Kurdish Death Row Inmate Sews Lips Shut in Hunger Strike Against Denial of Rights
Ramin Hossein Panahi, a Kurdish man in danger of imminent execution in Iran, has sewn his lips shut to protest the denial of his rights by prison authorities.
“Unfortunately, our client has sewn his lips… and started a hunger strike for the following reasons,” said a statement dated August 27, 2018, by defense attorneys Maziar Tataei, Hossein Ahmadiniaz and Osman Mozayyan, a copy of which was obtained by the Center for Human Rights in Iran (CHRI).
“1- Being denied his legal rights, such as access to medical treatment outside prison as prescribed by health authorities in Sanandaj Central Prison.”

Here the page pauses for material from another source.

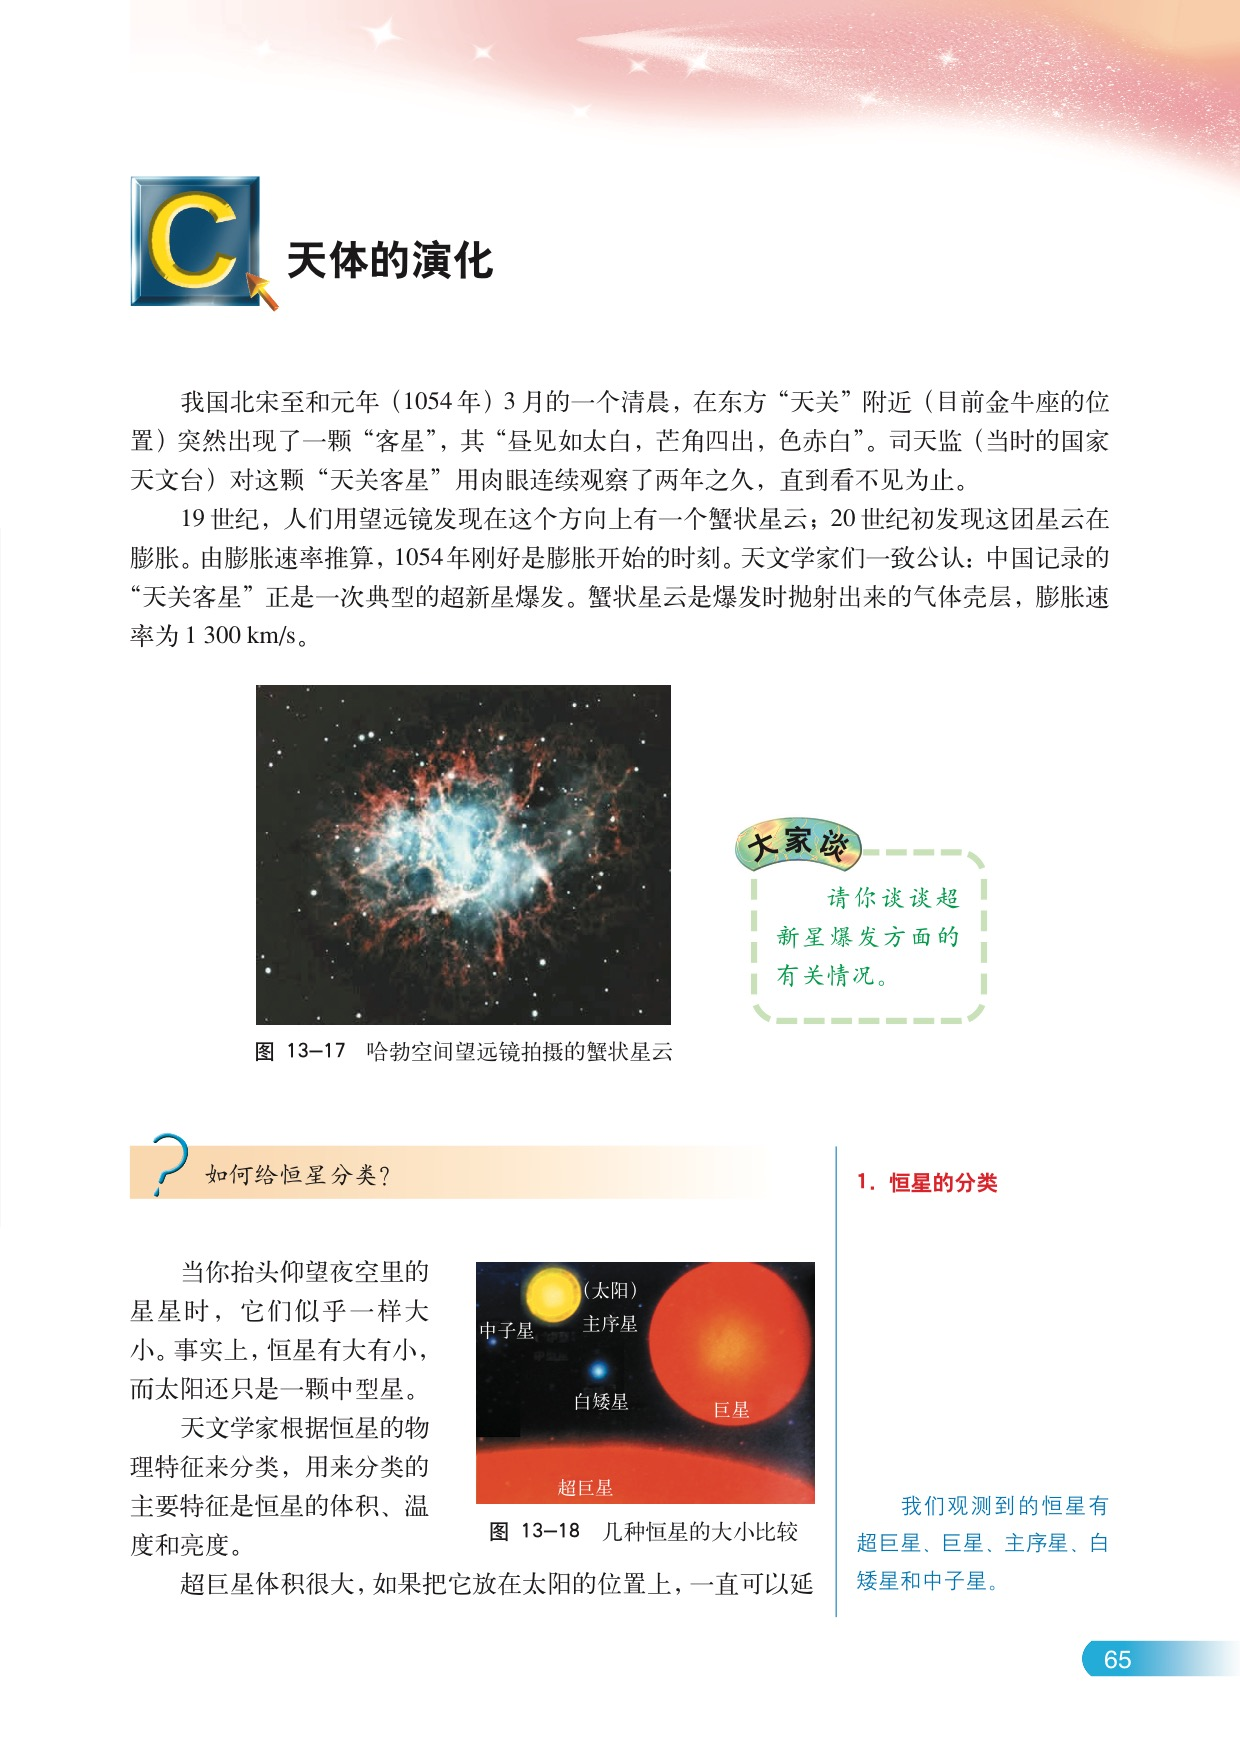 C.天体的演化

“2- Illegally cutting off telephone contacts with his family and lawyers and preventing visitation.”
“3- Being denied the same rights and services as other prisoners.”

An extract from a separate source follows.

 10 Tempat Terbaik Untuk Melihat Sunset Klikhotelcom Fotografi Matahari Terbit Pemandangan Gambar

“4- Illegal and unjust verdicts that must be reviewed within legal frameworks.”
Panahi and his family have been repeatedly led to believe that he would be imminently executed since he was sentenced to death in January 2018 by Branch 1 of the Revolutionary Court in Sanandaj for his alleged membership in the outlawed Kurdish nationalist group, Komala.
He had also been accused of drawing a weapon against agents of the Islamic Revolutionary Guard Corps (IRGC) but Panahi, 22, has insisted he did not participate in any armed action nor did he reach for a weapon.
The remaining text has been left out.